Since college tuition is at its highest, many students experience setback. HHS senior Kristina Feeley said that the price absolutely affects her choice of college. “I am going to county college because it’s cheaper, and I know a majority of people that are undecided will go to county because of the money,” said Feeley.

HHS senior and Valedictorian of the class of 2017, Kelly Maegerlein, also believes that price is a restraint in going to college, stating, “It would [the price] deter them from reaching for a high level college if they could get in, and they probably end up going somewhere cheaper just because they have to.” Unfortunately, the factor of high prices leads to at least 12 percent of high school graduates not going to college.

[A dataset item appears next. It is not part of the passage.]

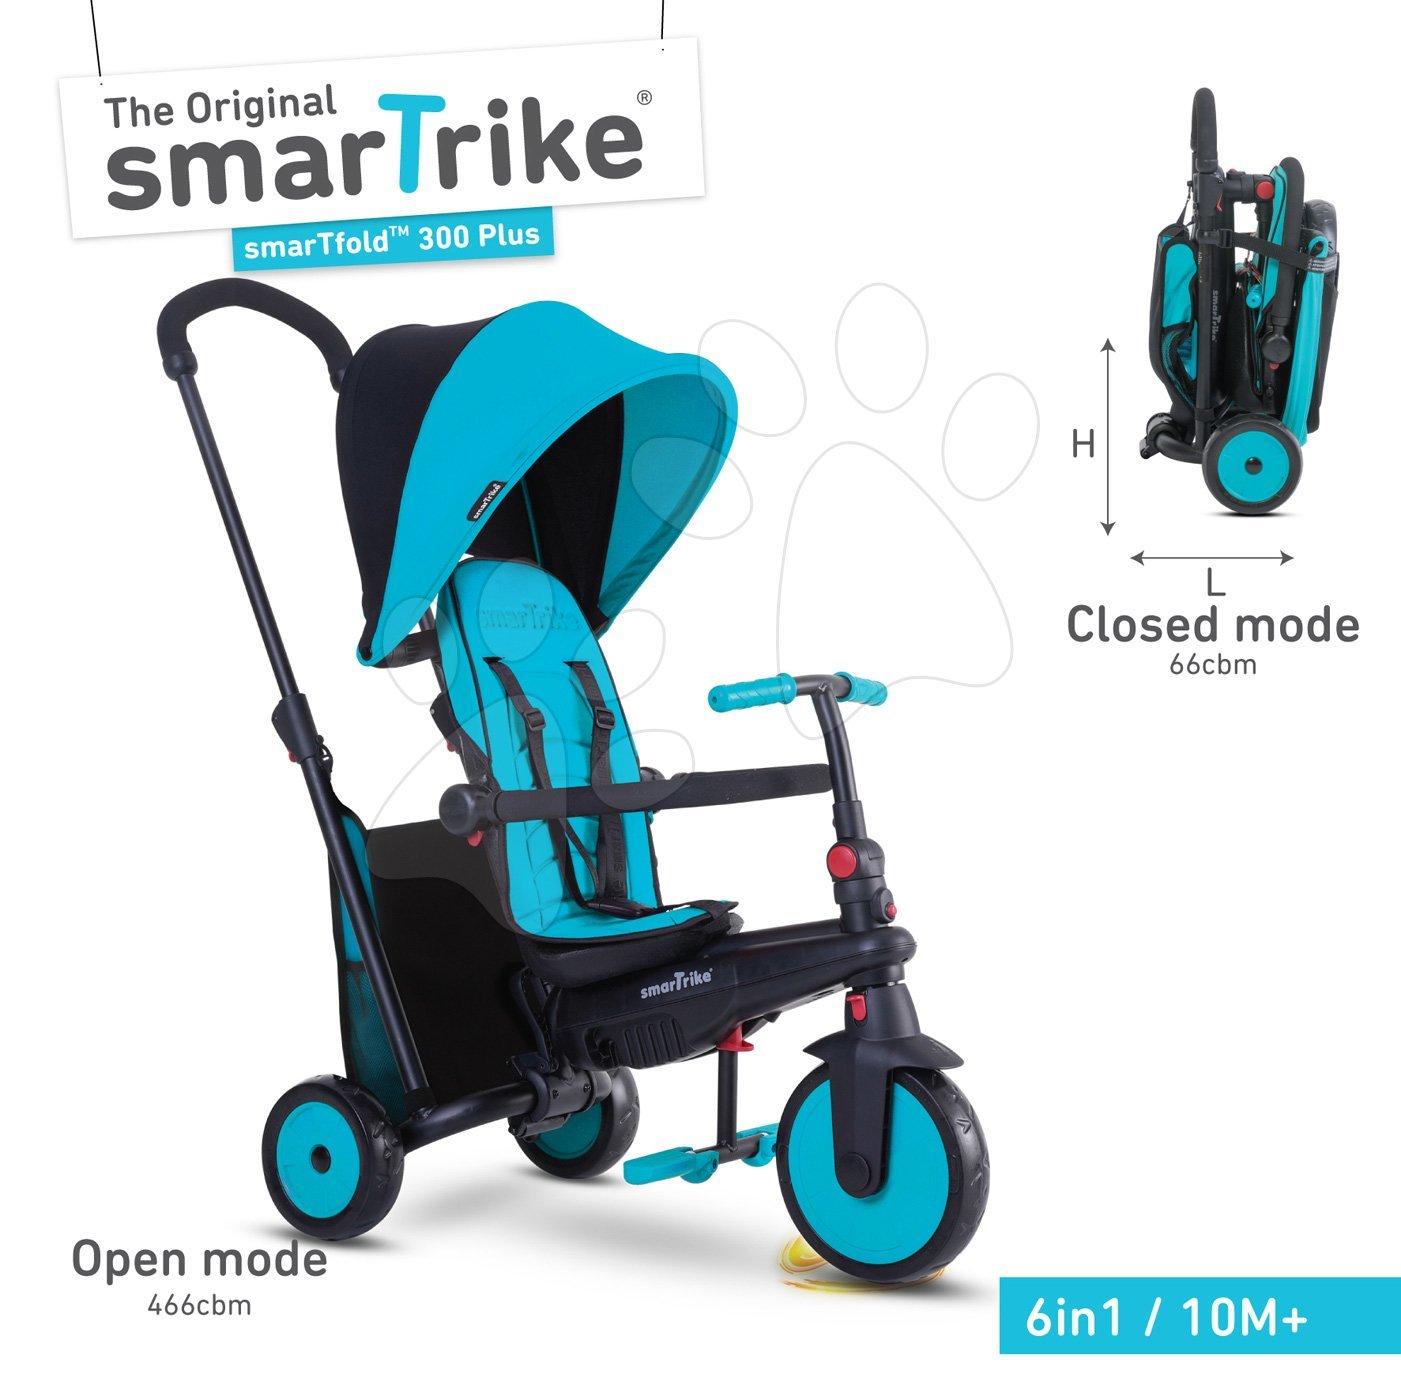 Tříkolka skládací smarTfold 6v1 smarTrike 300 Plus TouchSteering s EVA kolečky modrá od 10 měsíců

In addition to debt and rising prices, students have to worry about job availability once they start to look for life-long employment. After college graduation, most students are full of hope, but that hope is crushed because good jobs are few and far between; in fact, the unemployment rate for college graduates under the age of 25 is over 9%.

When asked about job security after college, HHS senior Natalia Laskowska said, “What if I just fail?” Pointing out that the whole college process is daunting, Laskowska added,  “It was hard to find something that I actually wanted to do, so if that doesn’t work out, it’s pretty scary.” Laskowska is not the only one who fears rejection, especially with the fact that only 14 percent of college graduates have “real” jobs waiting for them, meaning that they are employed in their profession of choice.

No matter whether a student is a senior or freshman in high school, college is a daunting topic that no one is truly prepared for. The decision to go to college or not is primarily based on the inflated price of attending an institution, as well as how much debt one can expect to follow; the prospect of finding a job is the cherry on top of a disappointing cake.